* **Dataset excerpt**:
· · · · · · ·

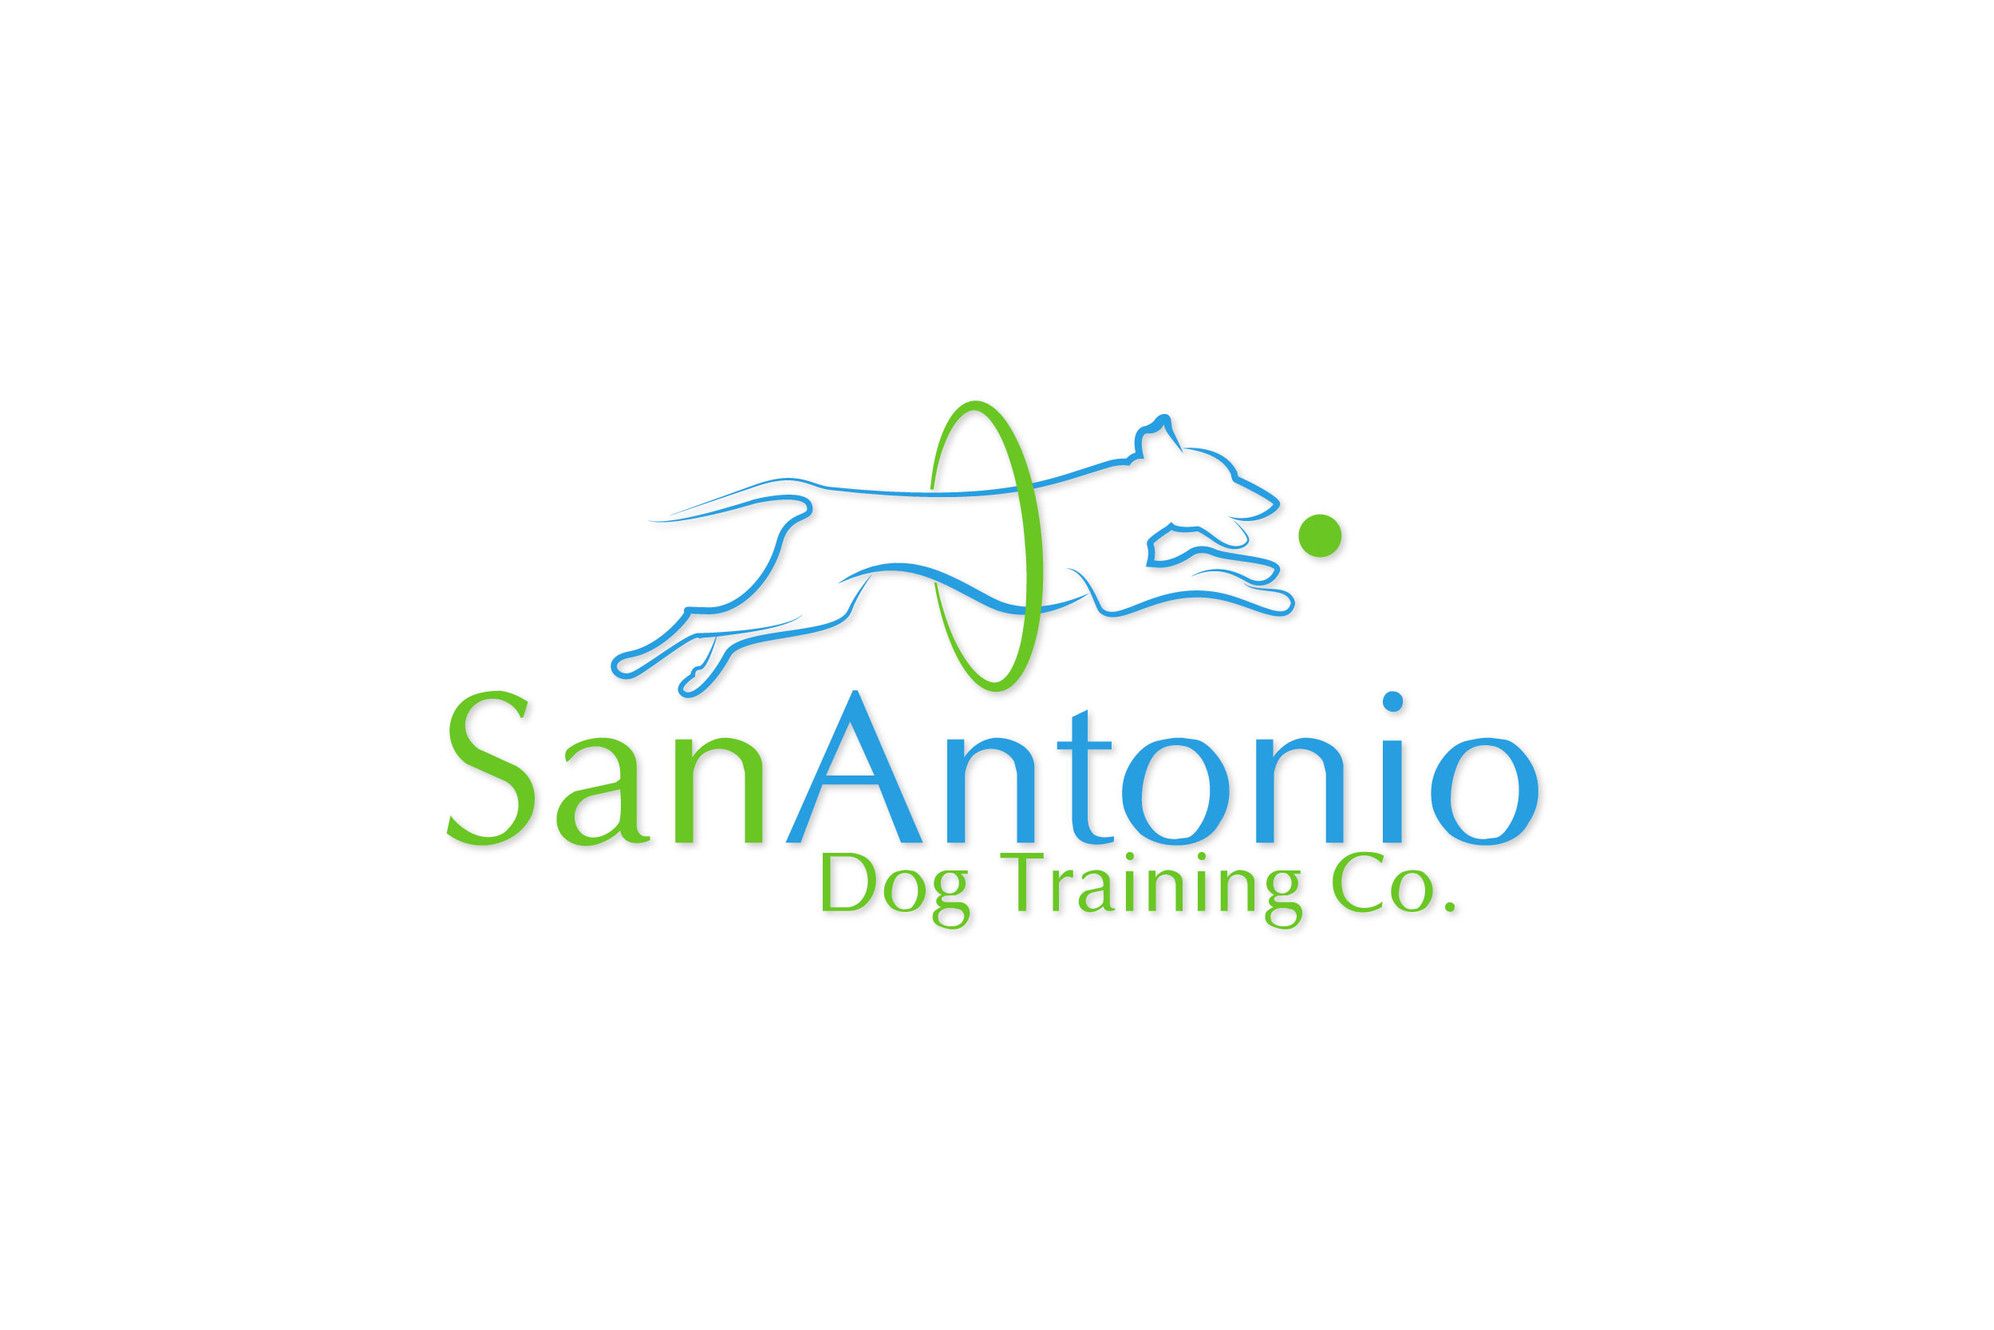 Dog Training San Antonio by San Antonio Dog Training Co
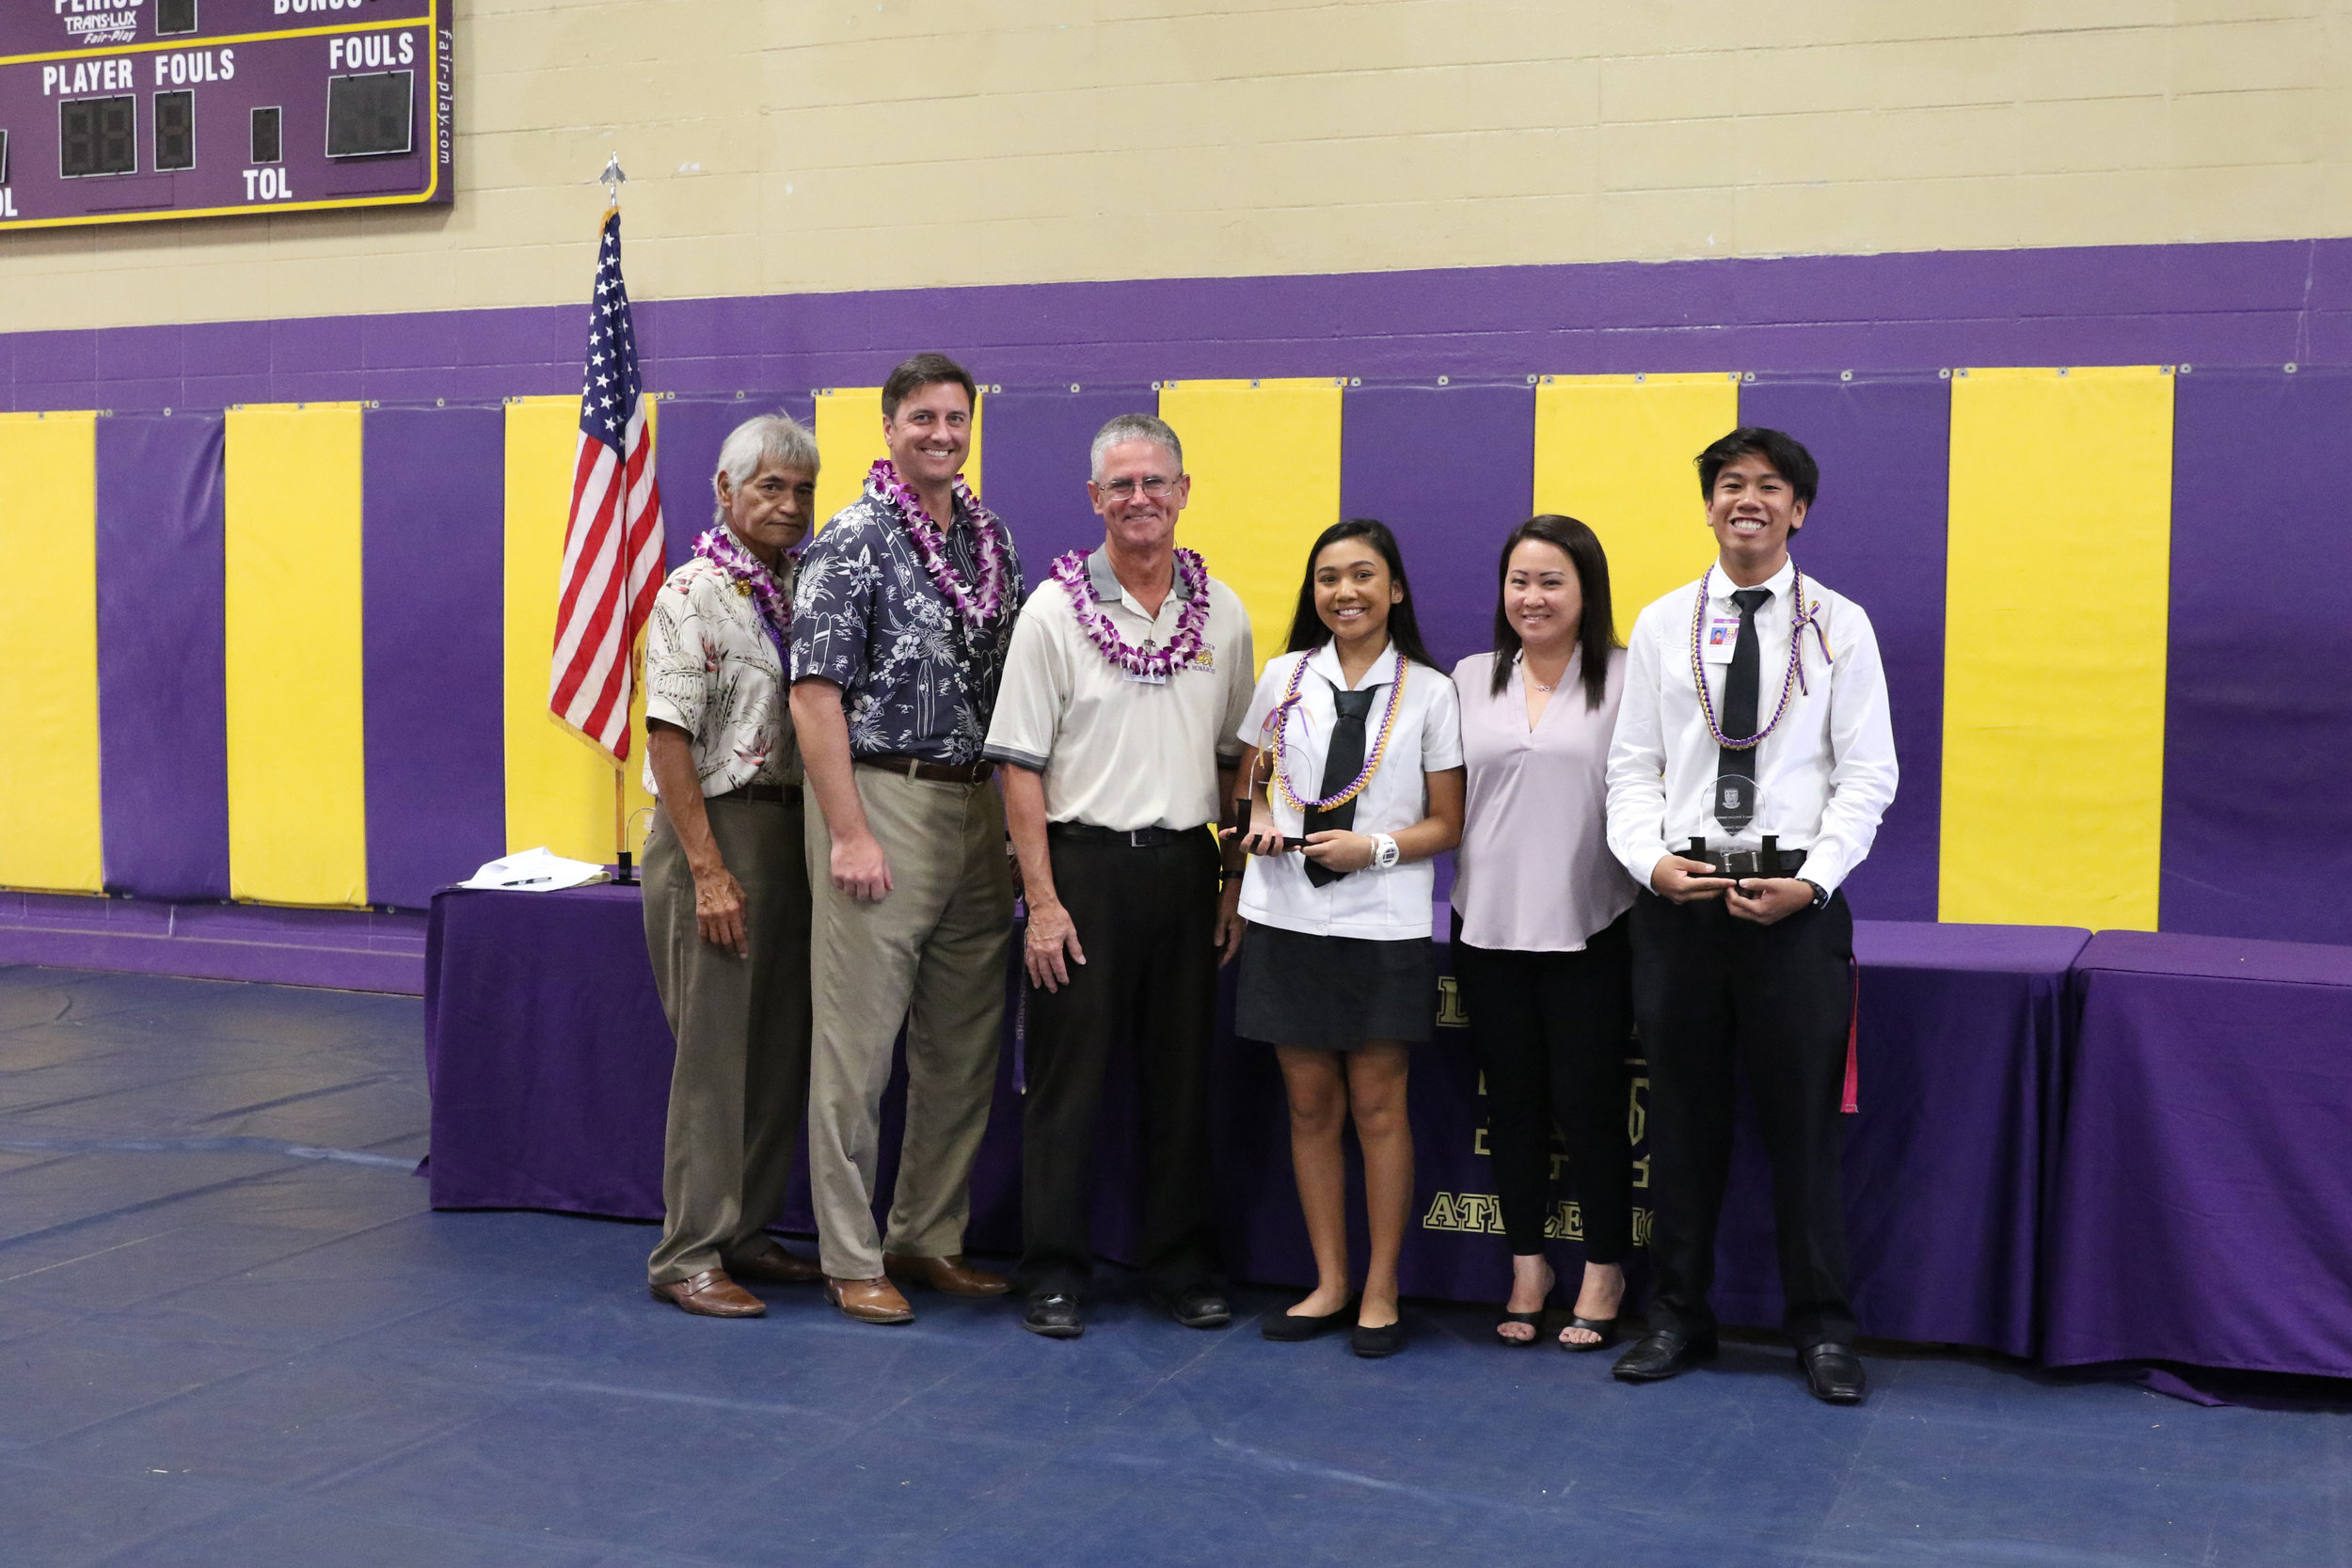 DMS Athletic Major Service Award
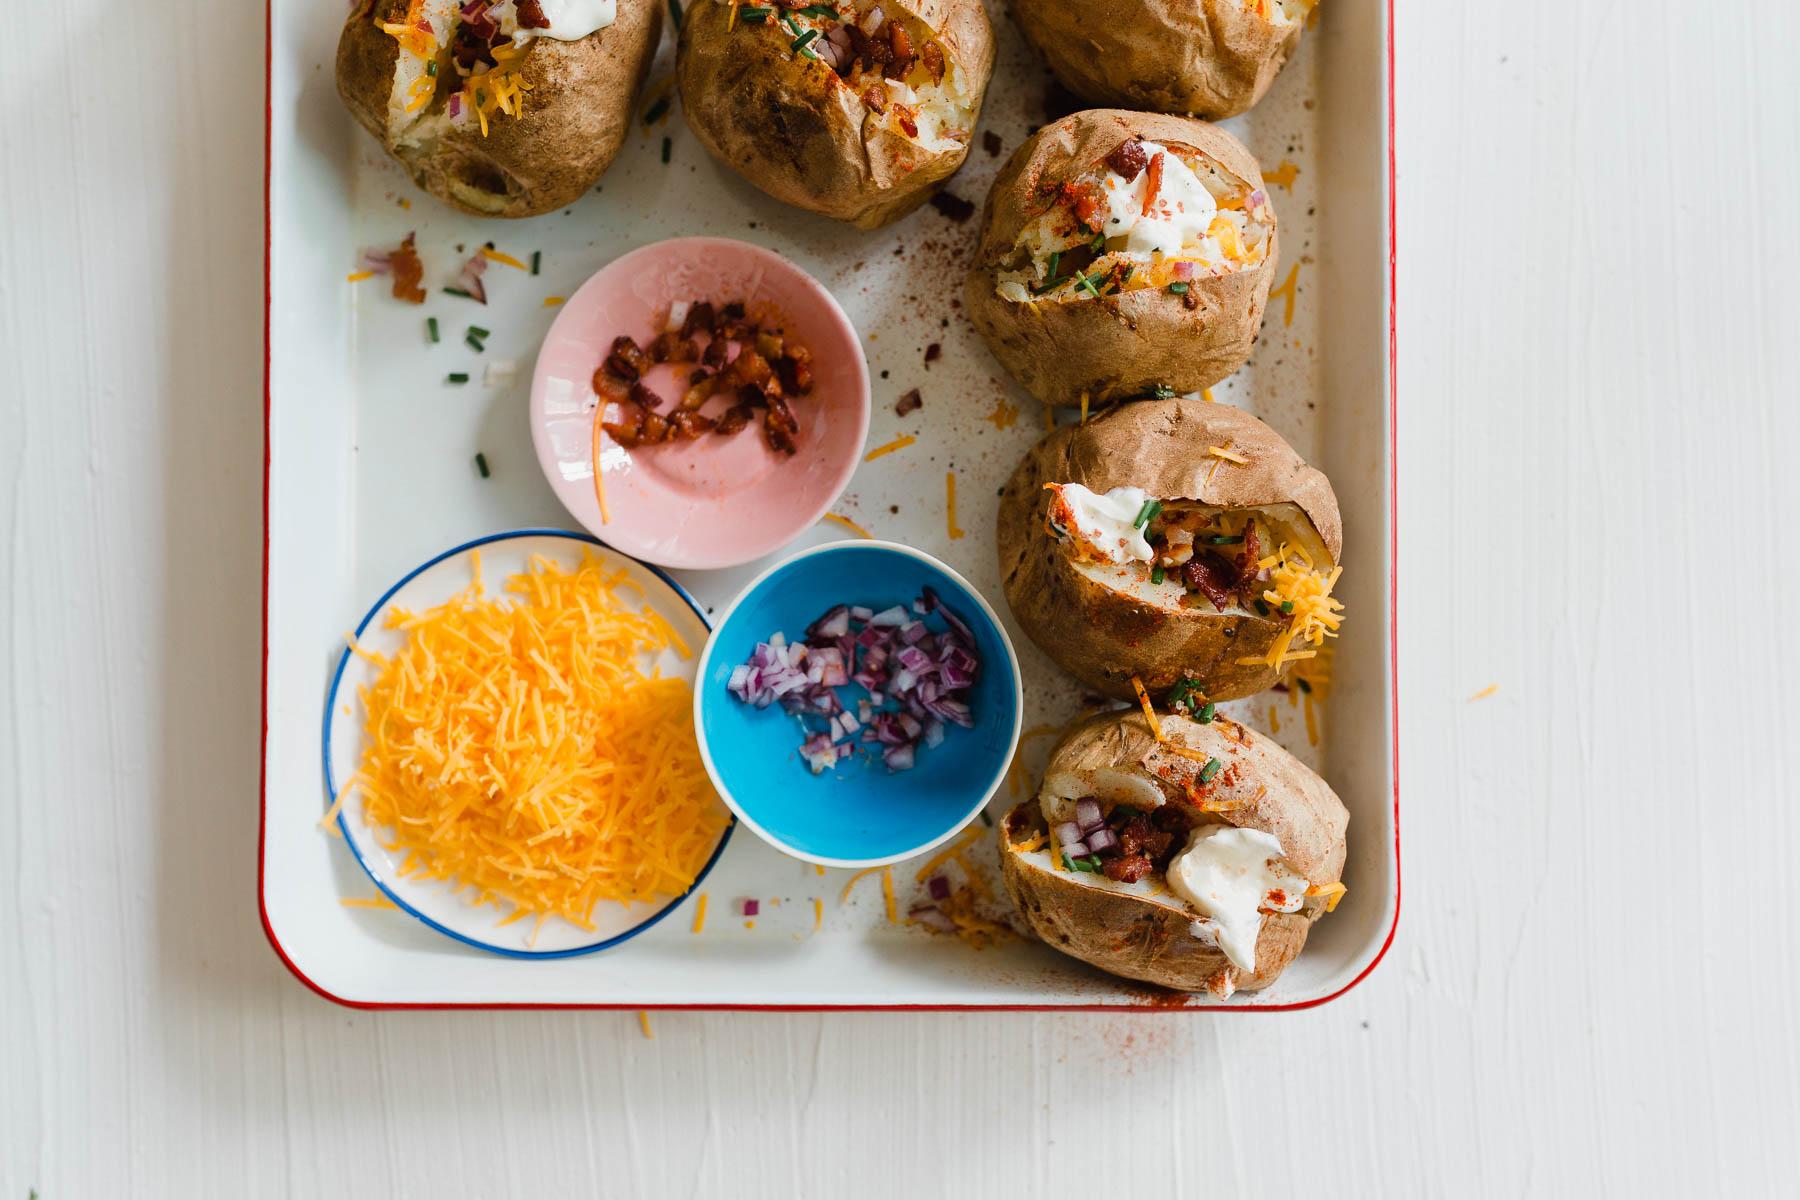 chicago-nyc-food-lifestyle-photographer-10.jpg

· · · · · · ·

* **Task to carry out**: Whenever you reach a picture, pass over it; print all the other material exactly.

* **Completed exercise**:
 Dog Training San Antonio by San Antonio Dog Training Co
 DMS Athletic Major Service Award
 chicago-nyc-food-lifestyle-photographer-10.jpg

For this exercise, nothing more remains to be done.